Furthermore, under current rules, Krüger and Schmidt are allowed to search sites such as Airbnb, but they are prohibited from using them to conduct sting operations. Germany’s data privacy law bans them from conducting any form of undercover research.

‘Needle in the Haystack’

“As things now stand,” says Stephan von Dassel, “we’re looking for the needle in the haystack.” Dassel is the district councilor for Berlin-Mitte and is responsible for the implementation of the vacation apartment ban. He is sitting in his office in the third story of city hall, a man with square glasses and sharp ears, who almost sinks into his desk chair. Dassel would like to have software programmed that would put together an address from the clues that a vacation-rental ad leaves behind online. He claims it would be simple from a technical standpoint.

But he will most likely not be able to implement his plan. Berlin’s privacy commissioner considers the use of a computer program like the one Dassel suggests as only being permissible if there is “initial suspicion” — meaning, if the district authority already suspects that illegal vacation-apartments exist in a street.

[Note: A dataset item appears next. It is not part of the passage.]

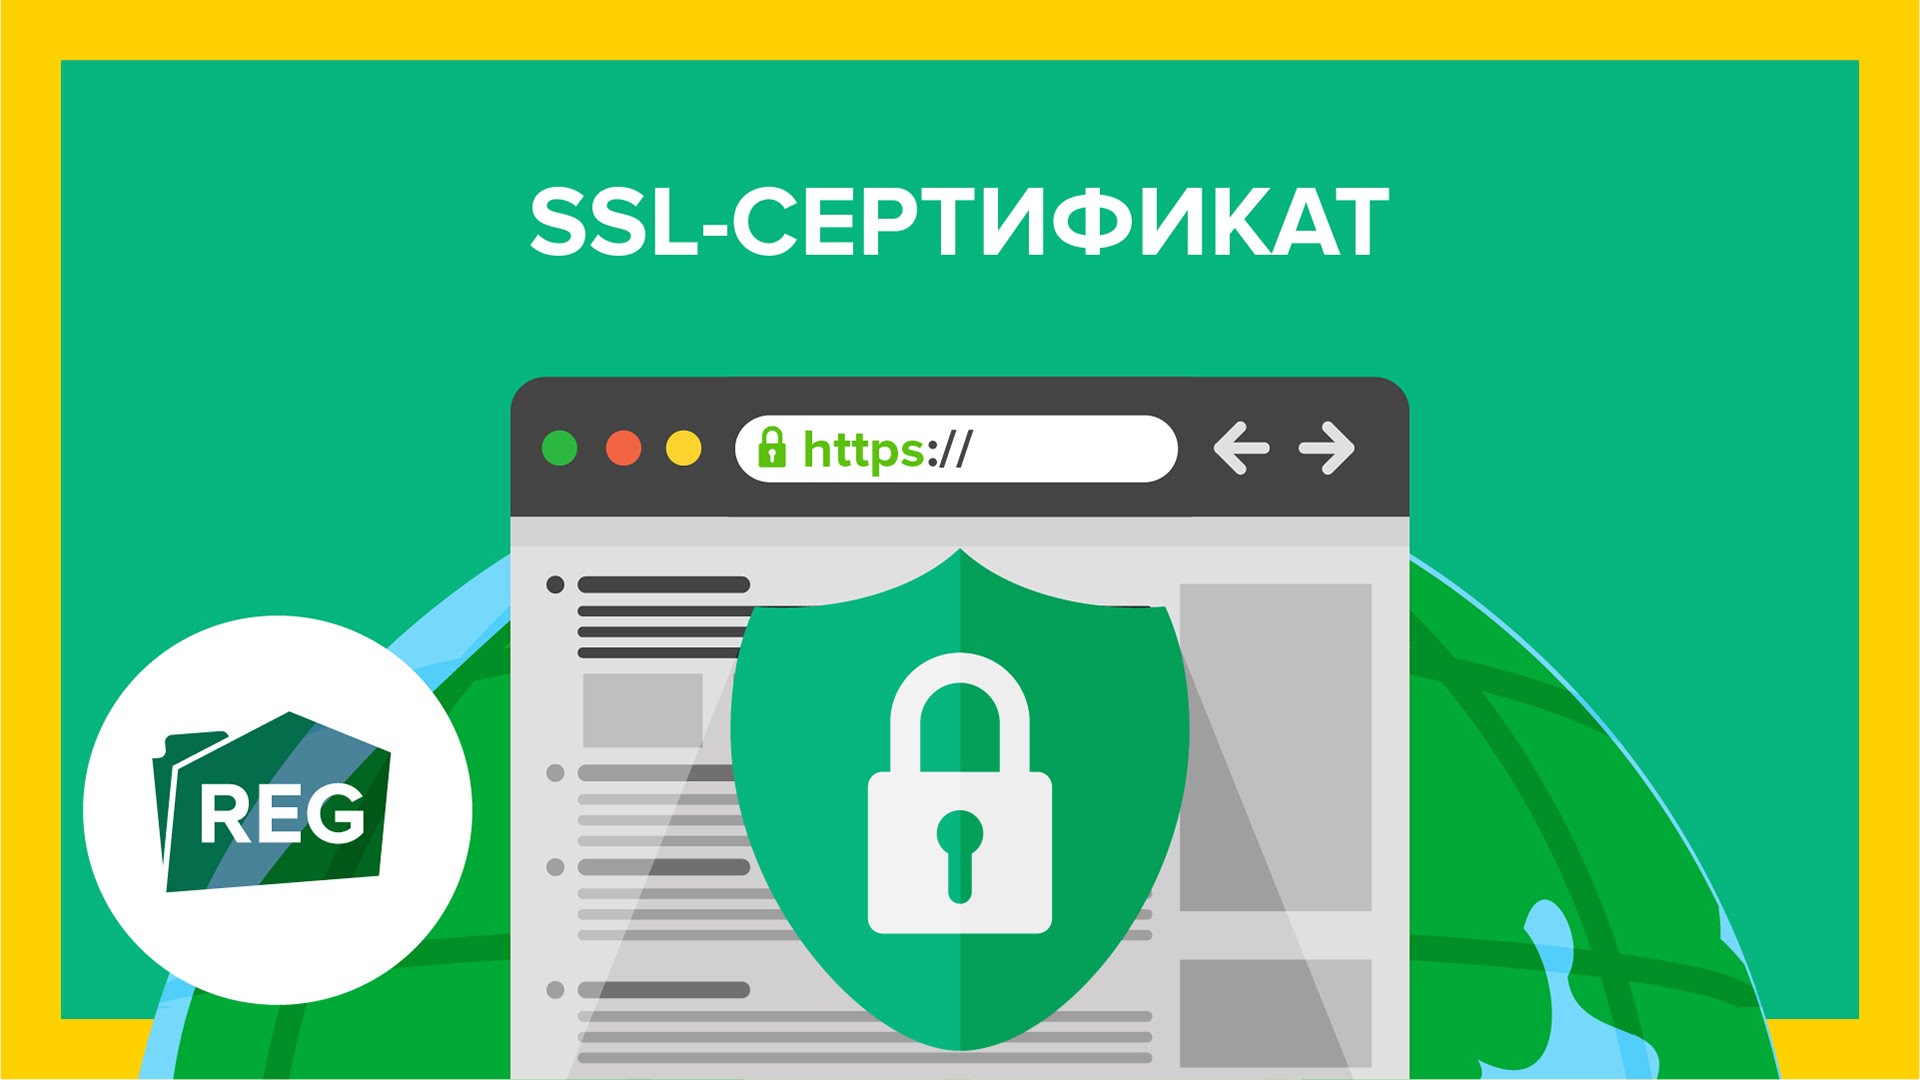 Виды SSL сертификатов. Что необходимо о них знать

If the software doesn’t work out, Dassel says, then he only sees one other solution: that a hacker offers him a CD with the addresses of all of the vacation homes in Mitte. “I don’t know if I would be allowed to buy it,” he says, “but I would do it.” The allusion is to a recent wave of CDs and DVDs sold by sources within Swiss and Luxembourg banks to German government authorities for significant sums of money in exchange for data that has helped them identify tax evaders.

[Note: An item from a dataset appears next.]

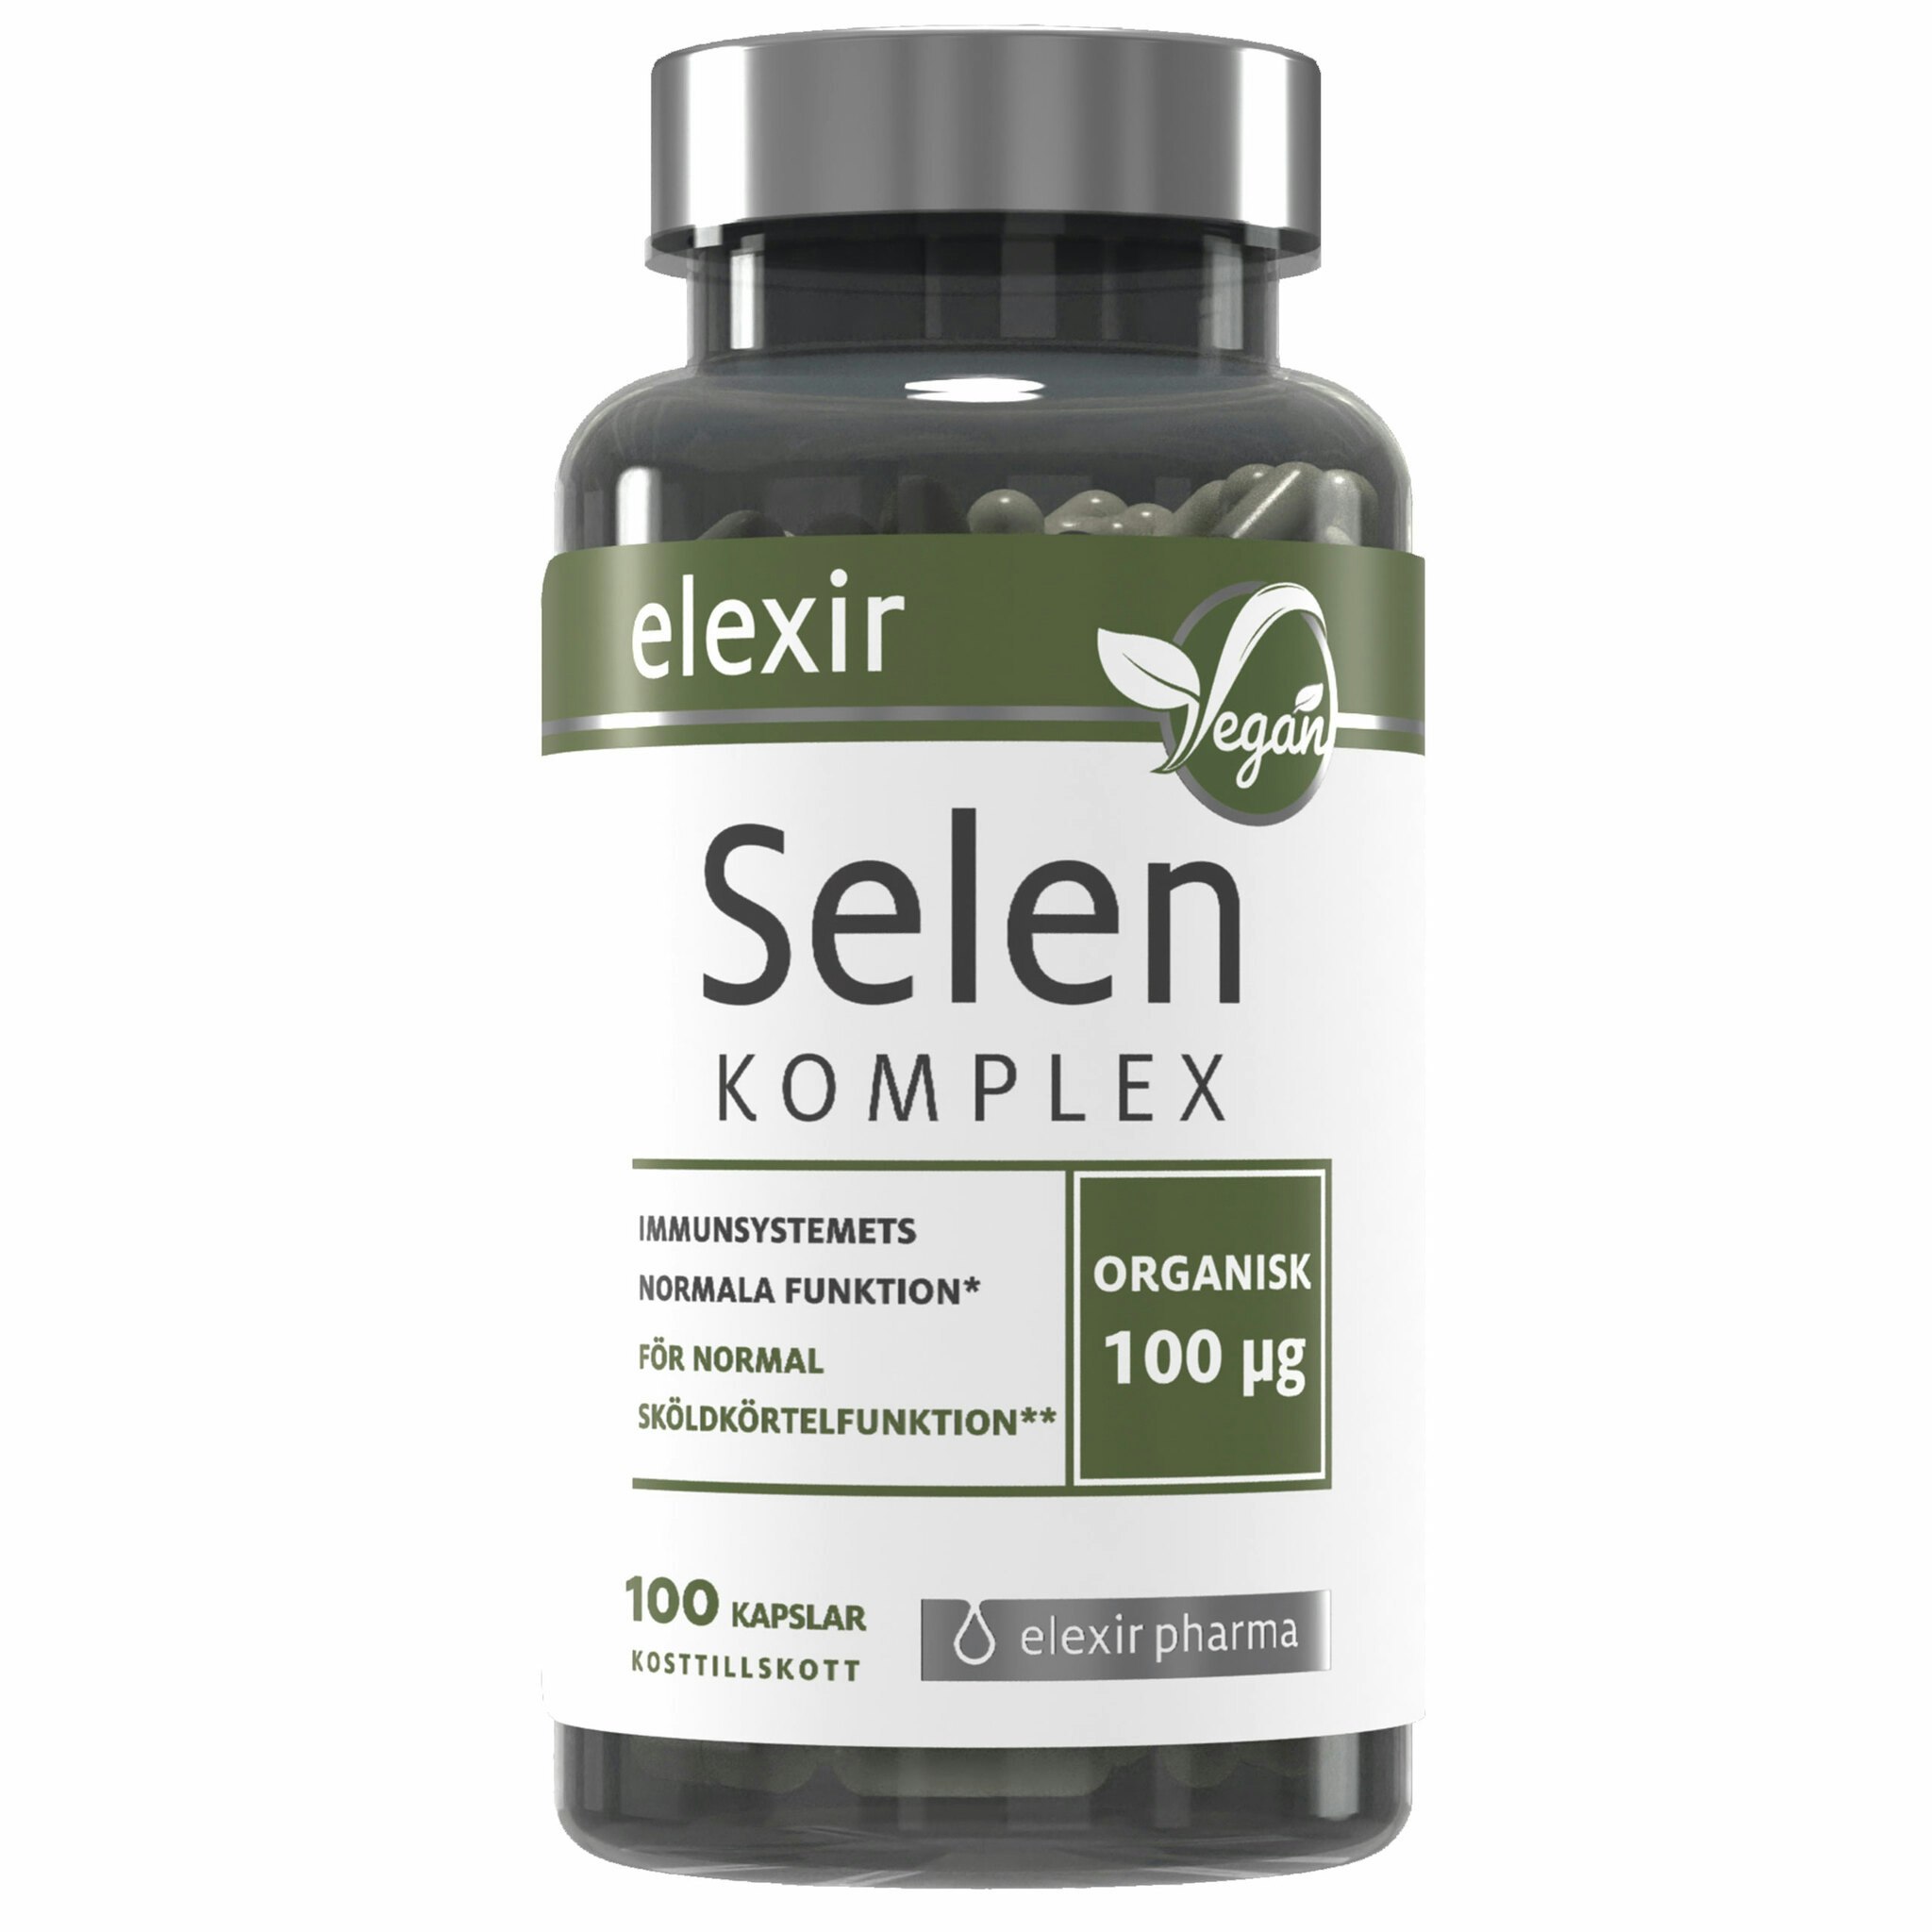 Elexir Pharma Selenium complex - 100 capsules

It’s now a steel blue morning two weeks after the first failed attempt. Julia Krüger drags herself across the street in a different part of the Mitte district; she has a cold and would rather be sitting in the office. Diana Schmidt is holding a cigarette in her left hand, and, in her right, a piece of paper that might be their key to success today. The women have by chance managed to find an advertisement online that shows the address of a vacation rental.

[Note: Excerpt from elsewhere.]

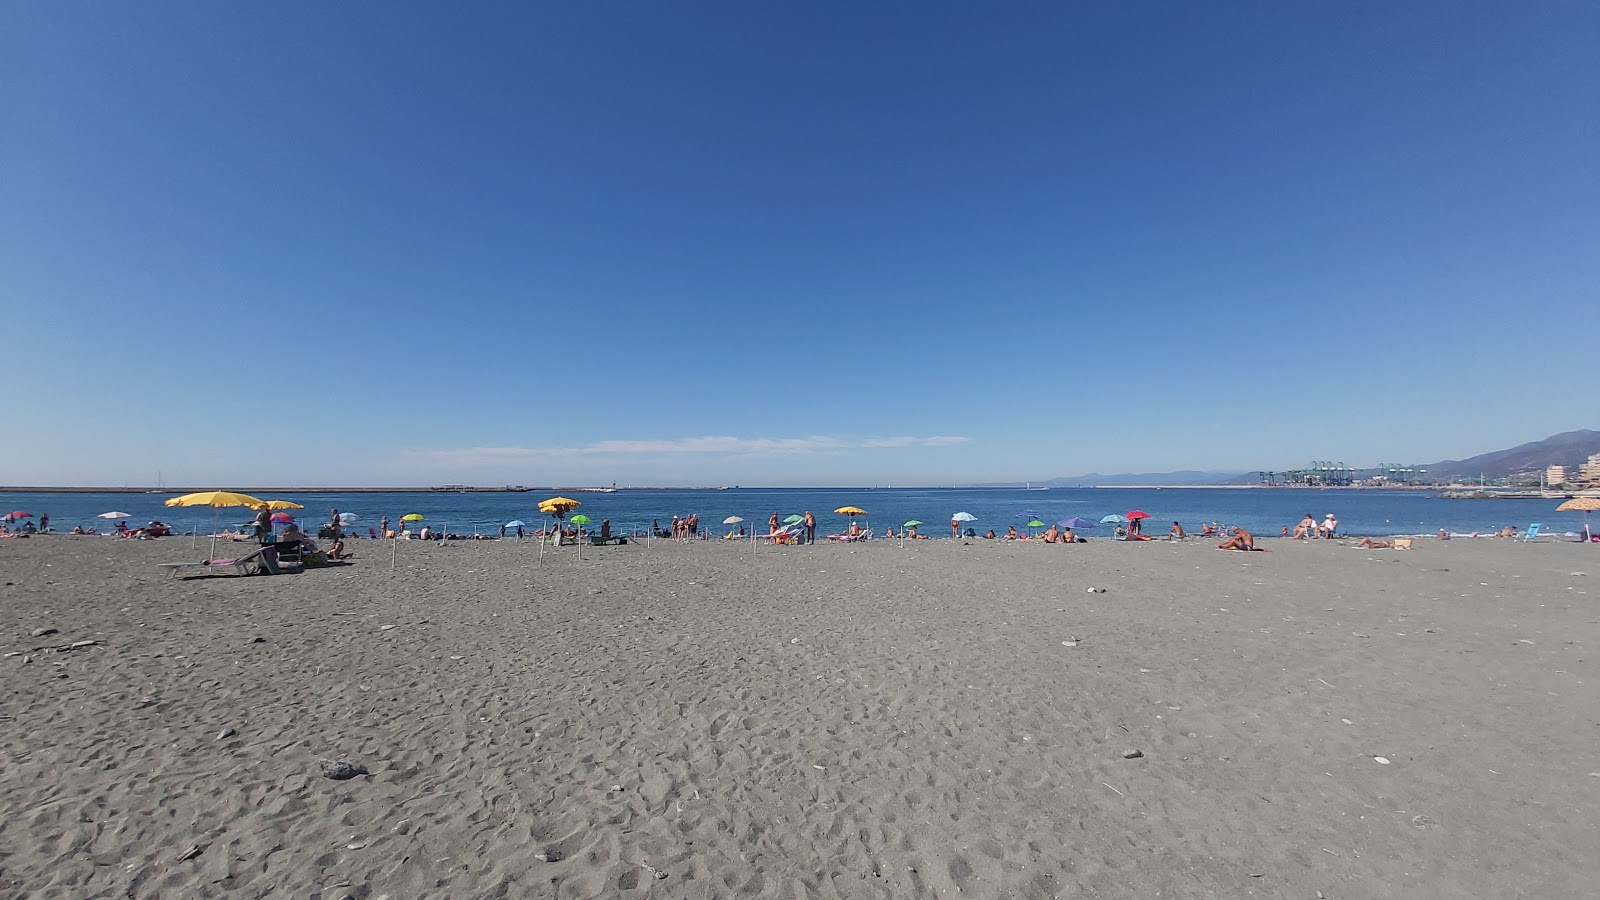 Foto von Spiaggia Multedo mit kleine bucht

It is supposedly on the ground floor of a pre-war building in a well-to-do area — nice furniture, 90 square meters, space for six people, according to the ad. It costs as much as €216 per day.

Another Let Down

The blinds are down, and nobody reacts to Krüger’s ringing. The sign with the name on it is nondescript.

Krüger presses on a random buzzer. “Mitte district office. Misusage. Please open the building door,” she calls into the intercom system, when a neighbor answers. Even though most Berliners are in favor of the ban, they are occasionally called names, Krüger says, like Stasi-spy, or they are taken for con artists. People are also sometimes angered by the fact that, according to the law, the women may enter a suspected vacation rental without a search warrant. Dassel, however, thinks it’s unlikely that this right would stand up before the court, if a renter refused them entry.A retired couple in a bathrobe let Krüger and Schmidt into the building and then welcomes them into their home. “I need to sit down, I have unbearable pain,” the man says, by way of greeting, and then slumps onto a stool in the hallway. Then he starts his monologue. He has never encountered any tourists, he claims, “and I know everything that happens in the building.” The man talks and talks, and Julia Krüger rolls her eyes. At some point, his wife interrupts: “To be brief, we don’t know anything.”

Because an online ad is not considered sufficient proof, the case goes into the “hold file.” Krüger and Schmidt don’t have any option except to return another time. And to hope that a tourist opens the door.